International career
Smolarek made his debut for the Poland national team on 12 October 1980, in a 1–2 friendly loss in Argentina. Over the next 12 years he appeared in a further 59 internationals, being selected for the squads at two FIFA World Cups: in 1982 he helped the country finish third in Spain, scoring the opener in a 5–1 first group stage win against Peru. Four years later, celebrating his 50th appearance, he netted the only goal in the group phase contest against Portugal (his 12th and penultimate) in an eventual round-of-16 exit.

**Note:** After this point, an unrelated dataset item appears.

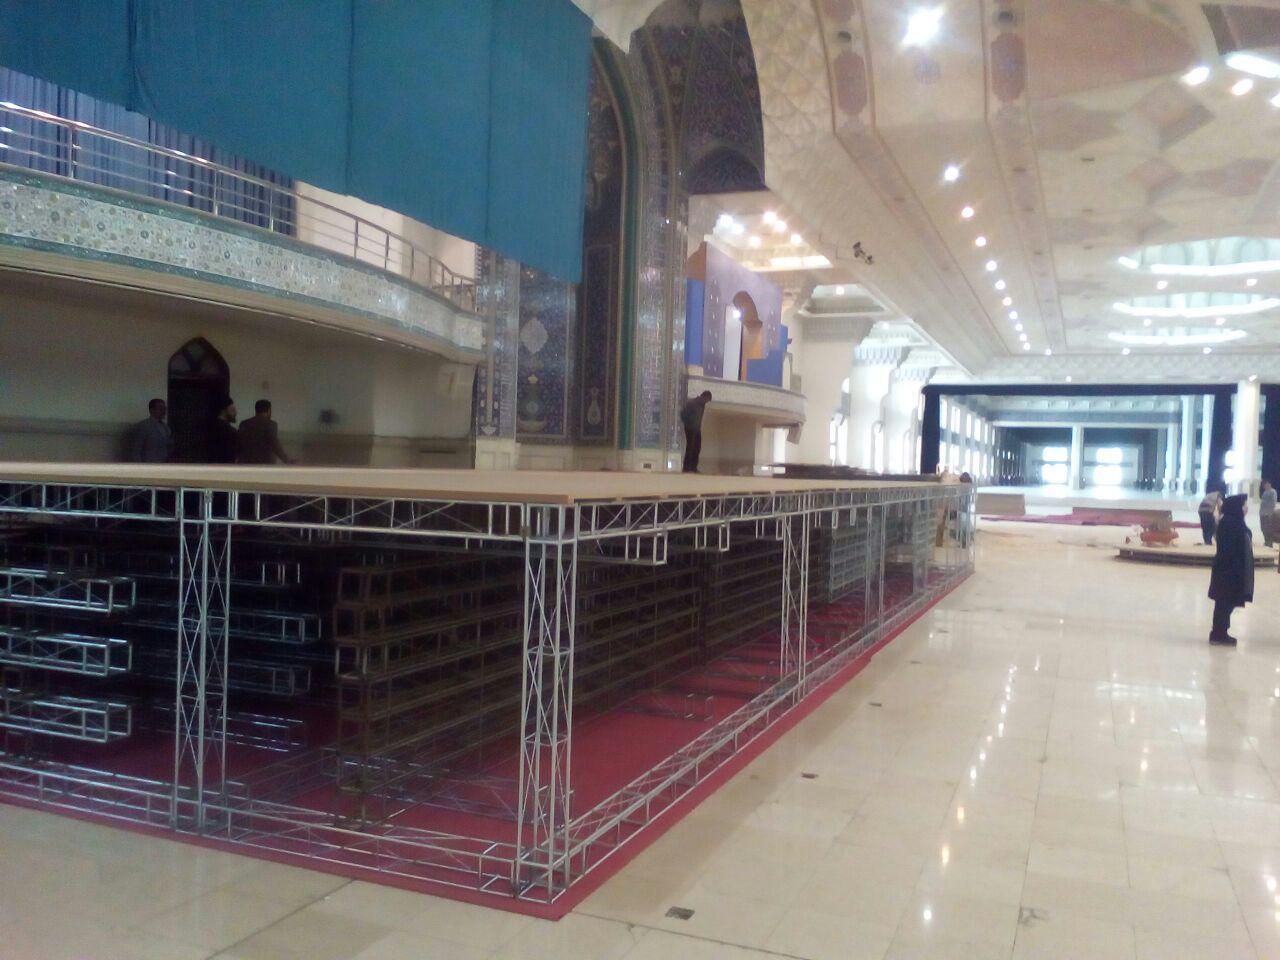 اسامی برگزیدگان آزمون حفظ و مفاهیم قرآن کریم در بزرگترین رویداد قرآن اعلام میشود/ آماده سازی مصلی تهران برای برگزاری مسابقات قرآن
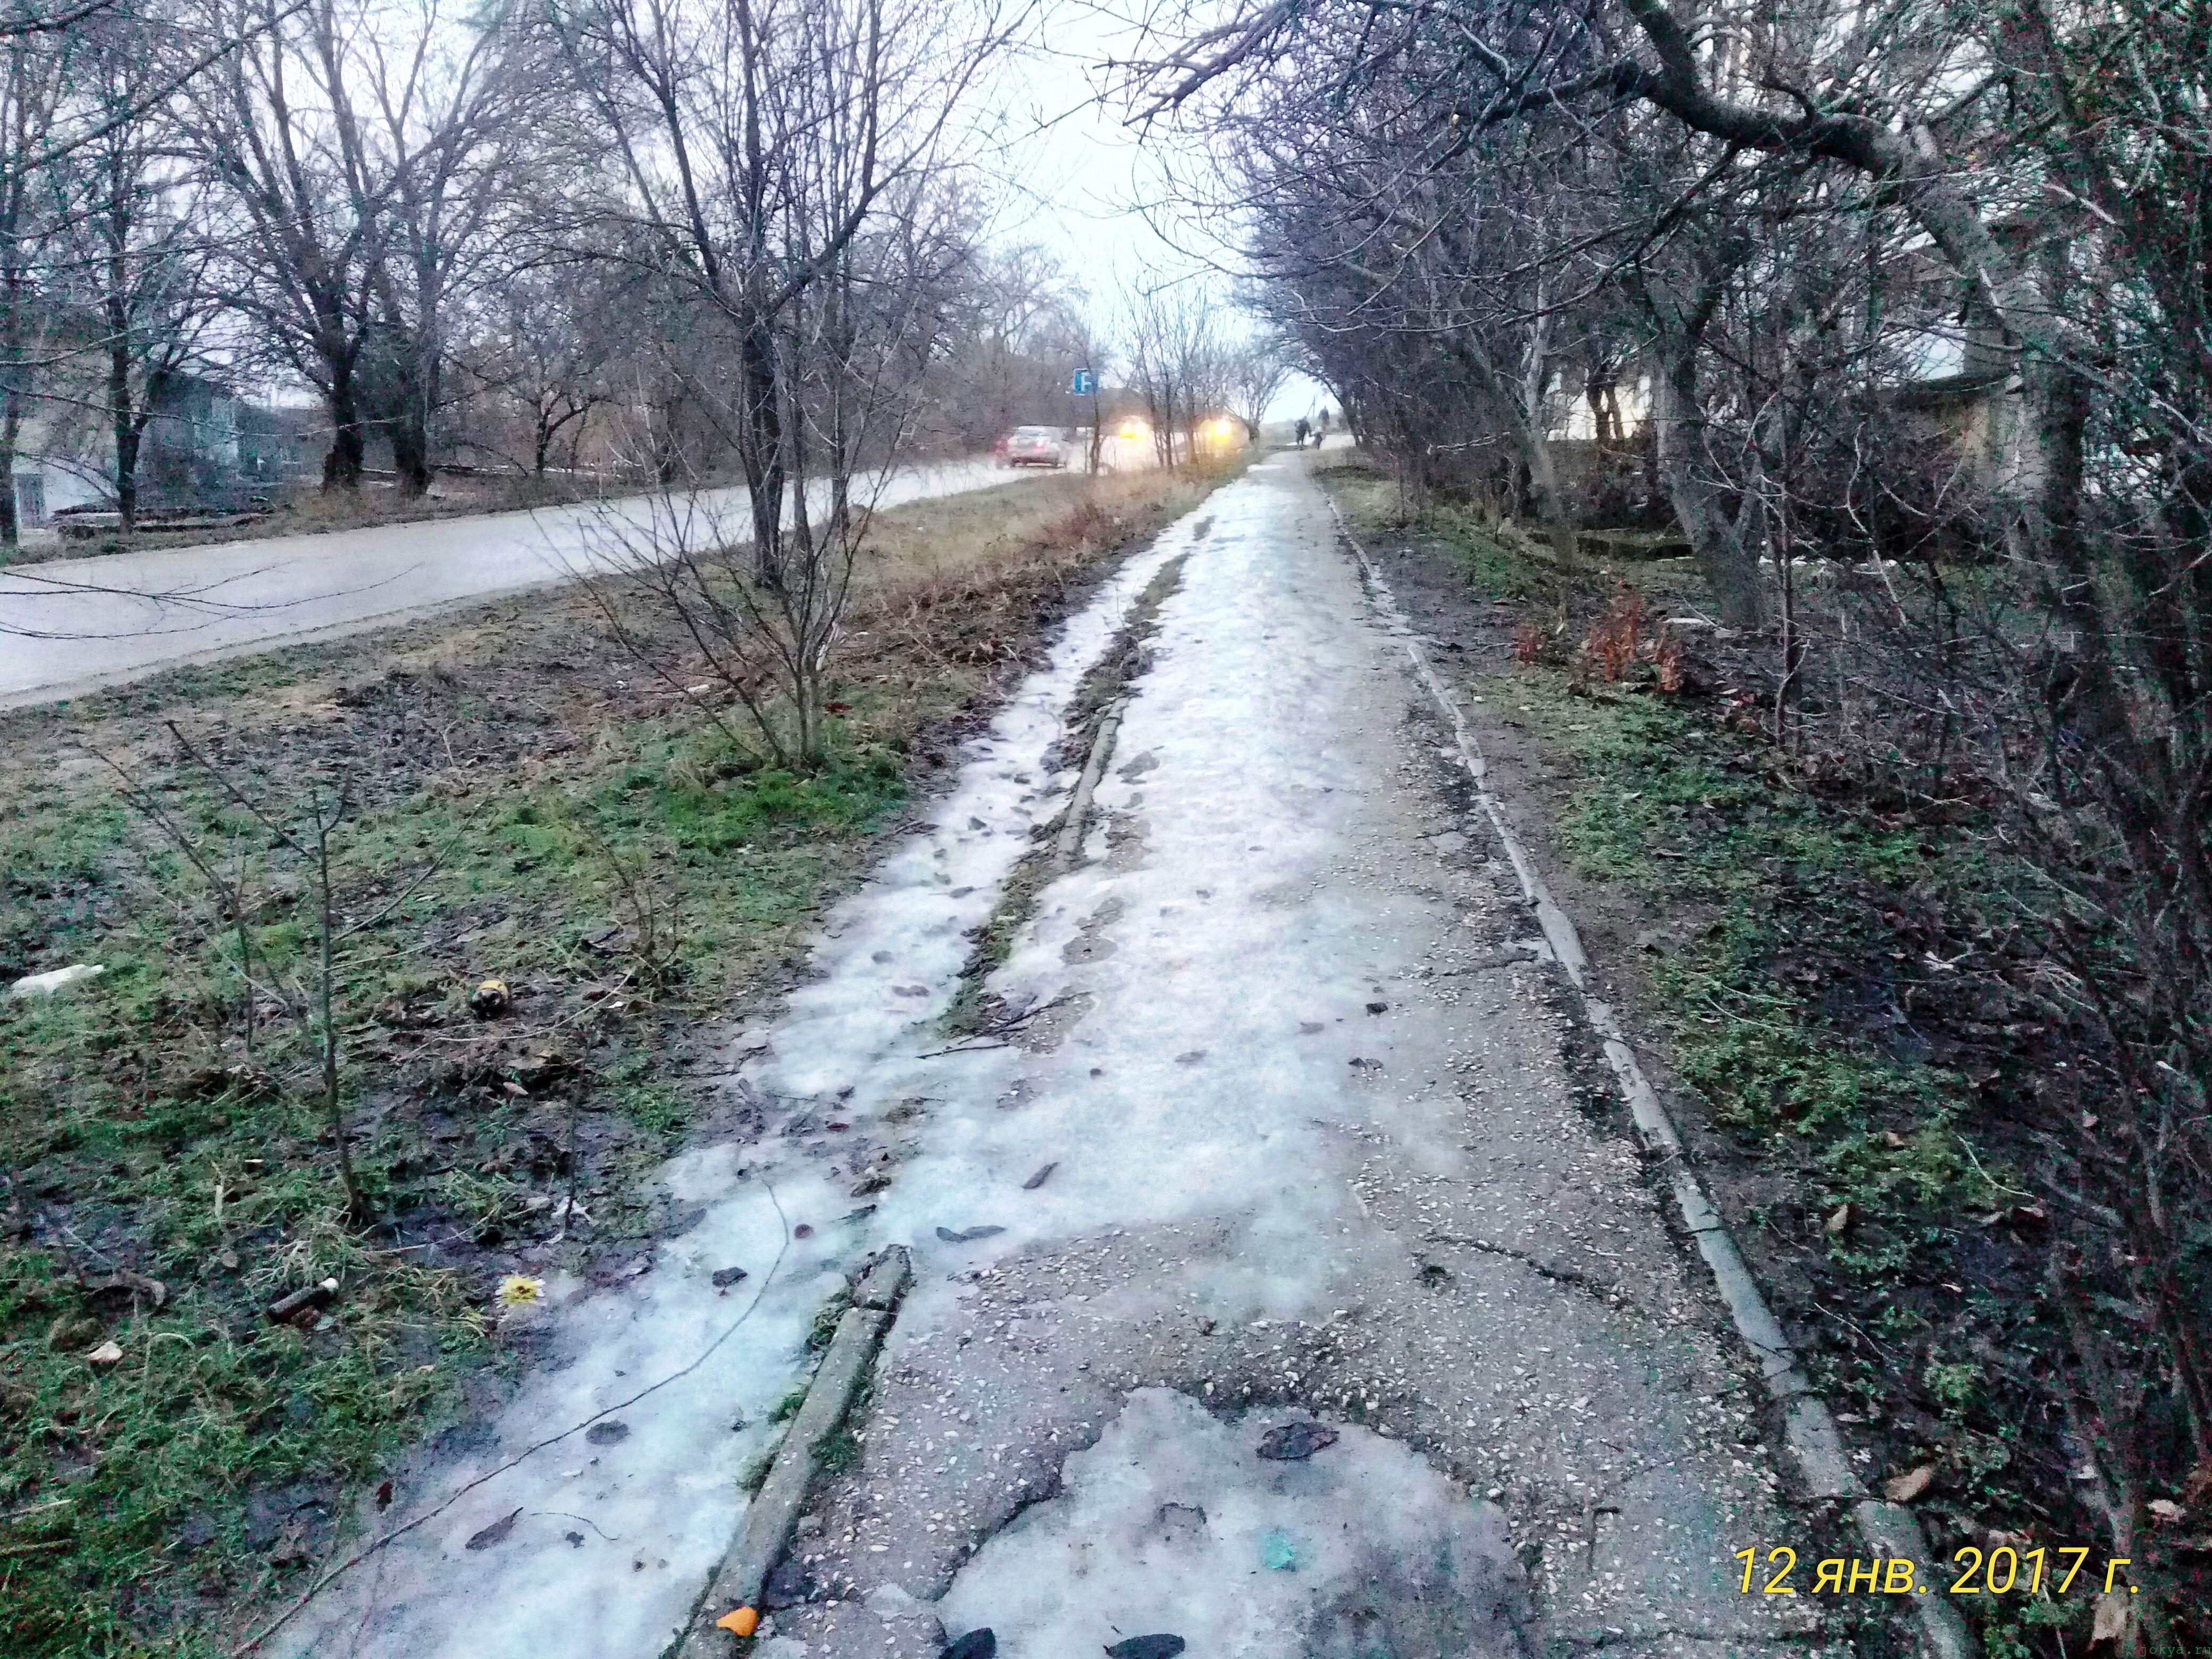 Утро 11 и 12 января 2017 года: Крым январь 2017.01.15 фото заметка о моей реальности в Крыму jokya.ru

In October 2009, Smolarek was hired by the Polish Football Association to oversee the national side's youth program.

Career statistics

Club

International

International goals
Poland score listed first, score column indicates score after each Smolarek goal.

Personal life
Smolarek was married to Zdzislawa, fathering sons Euzebiusz and Mariusz. The former was also a footballer and a forward, who also represented Feyenoord and Poland and also had a three-year spell with Borussia Dortmund.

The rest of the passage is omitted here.